Of course it's never used in the singular. A bird doesn't fly on one wing, does it?
waider: (Default)
I wonder if there's a term for English words incorrectly back-formed from their plurals? Just now I came across an otherwise well-written geometry article which used the word "vertice" where "vertex" was intended; the author evidently assumed "vertice" to be the singular of "vertices".
waider: (Default)
Just now on TV I see some guy captioned as being from the "Irish Association of Suicidology". I am appalled to discover this is actually a real word.
waider: (Default)
From the previously-cited Drummond piece, I find an example of something I've found both increasingly prevalent and increasingly annoying: the Spurious Comma.
I do not want to spend every November, for the rest of my life, trying to breathe new life into a concept, that should have been left alone years ago.
Please tell me why there is a comma after "concept" in the above sentence. Arguably the rest of 'em should go, too, but that one is the biggest offender. This, as I say, appears to be gaining in popularity: the placement of a comma where not only is there no need for one, but the insertion of which messes up the flow of the sentence. Where do people learn this stuff? Is it the same school where they teach misuse of apostrophes?
waider: (Default)
Actually, not king, but editor: if an article makes some reference to its own length (case in point: Bill Drummond's No Music Day piece[1]), I would discount that from the actual article length and chastise the author accordingly (and possibly even edit it out of the finished piece). Same goes for any filler paragraphs describing the writing process of said article, unless of course the article is actually about the writing process. I really don't care that it's hard to write about subject X, that's why you're a writing producer and I'm a writing consumer.

[1] Yes, I realise this is a blog, not an article. Don't care. I'm being curmudgeonly, I can make up the rules.
waider: (Default)
I skimmed through yet another attempt to explain Google's PageRank system (summary: "we trawled everyone else's documents and glommed them into ours, producing zero new information in the process") and found, right near the start, the statement that "not all links weight the same". Personally if I'd been asked to proof the article I'd have flagged this as a typo for "weigh", but I guess in the context in which it's used it's actually a valid if annoying use of "weight".
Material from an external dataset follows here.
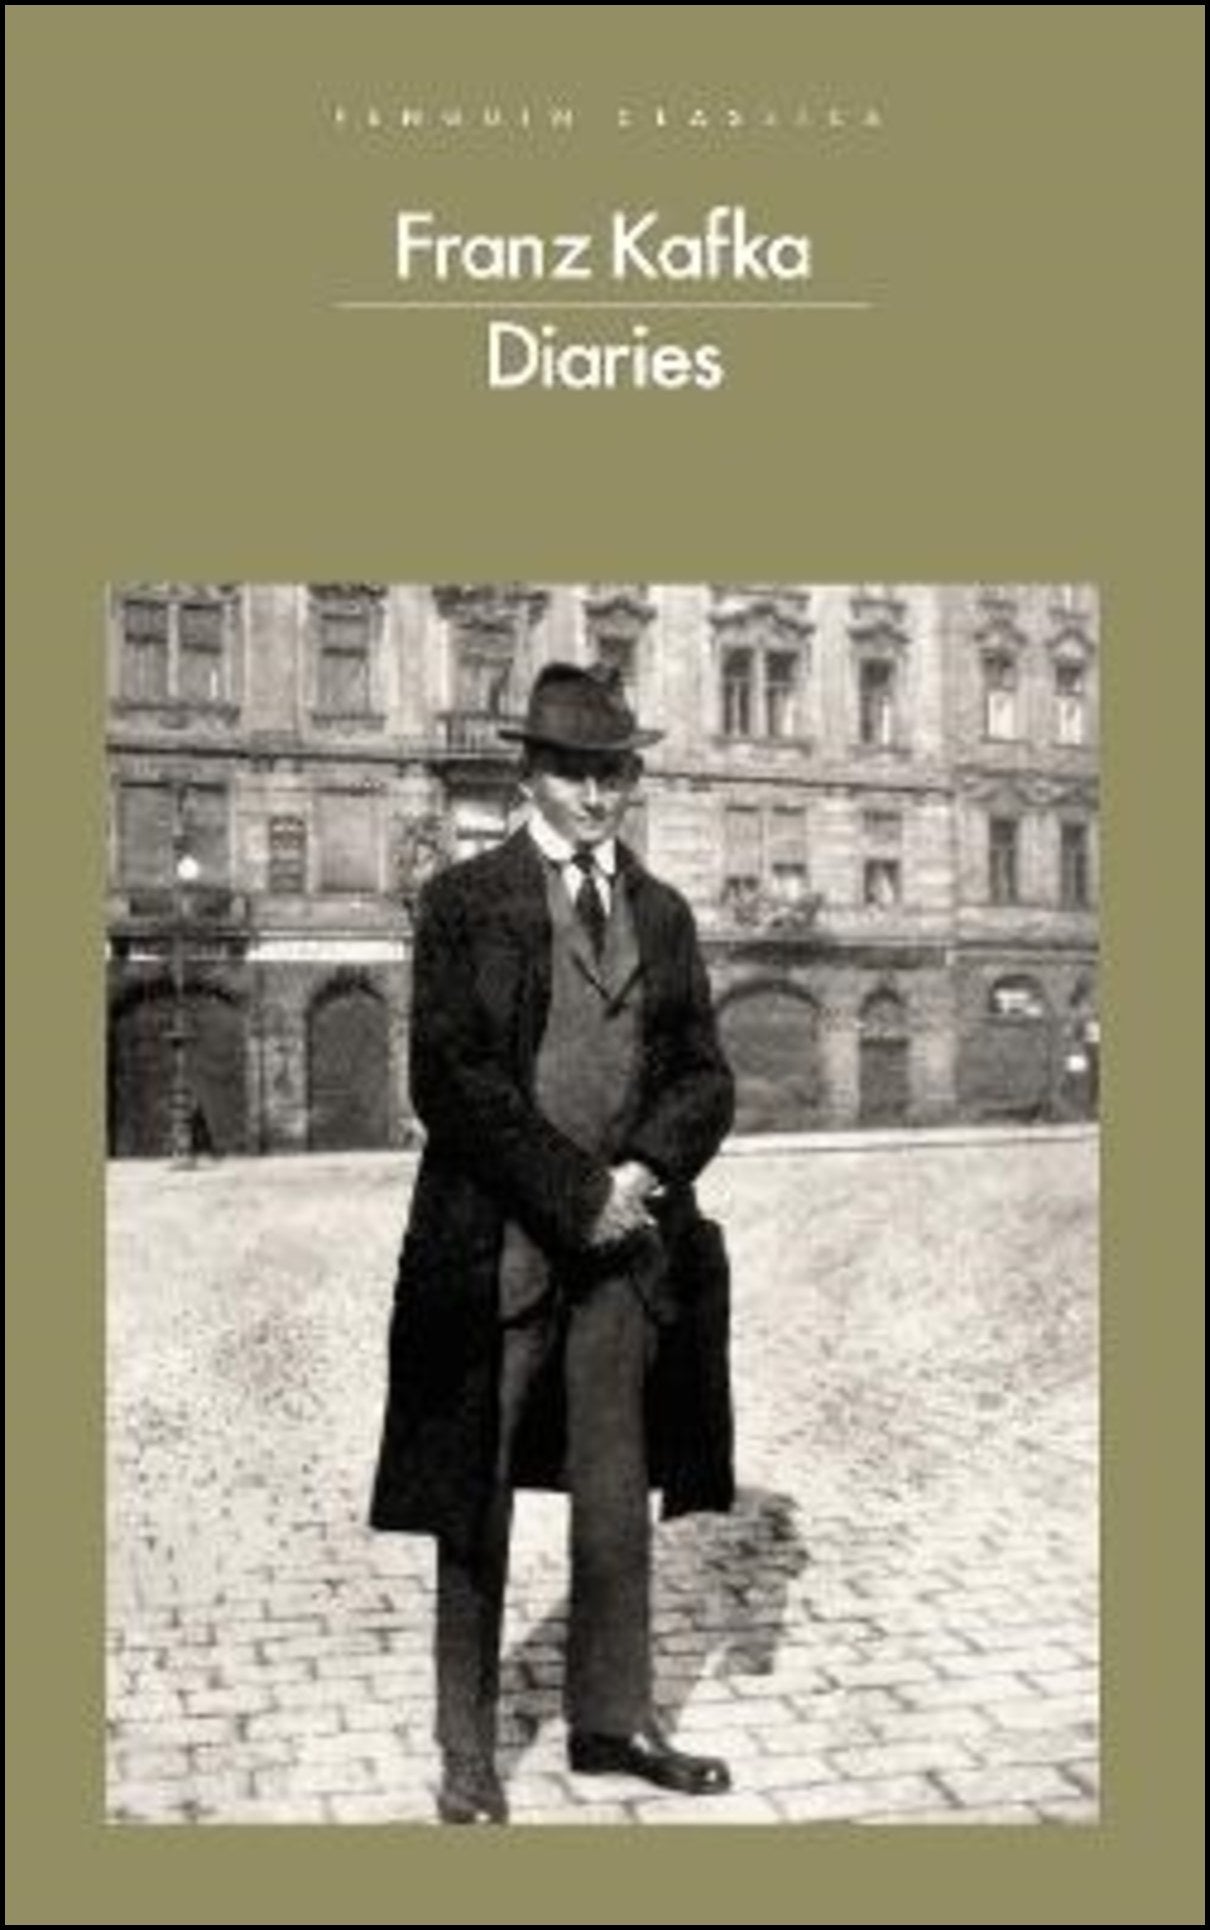 Kafka, Franz | The Diaries of Franz Kafka

I still think the article as a whole is pointless, though.
waider: (Default)
It's not "an issue" or "a challenge" or even "an opportunity"; it's a problem, and it needs to be fixed.
waider: (Default)
I occasionally find things on my fridge that I don't recall composing. There are a few things that I'm pretty certain other people did, and a few I've done while drunk and forgotten about, but just now I found "dating lies" and I have NO idea where it came from. Or when it appeared there.

This is why the top of the fridge declares, "I never did say all beneath".
waider: (Default)
fascinating article about a guy who tries speaking solely Irish to people in Ireland. Comes with bonus Irish phrase guide at the end.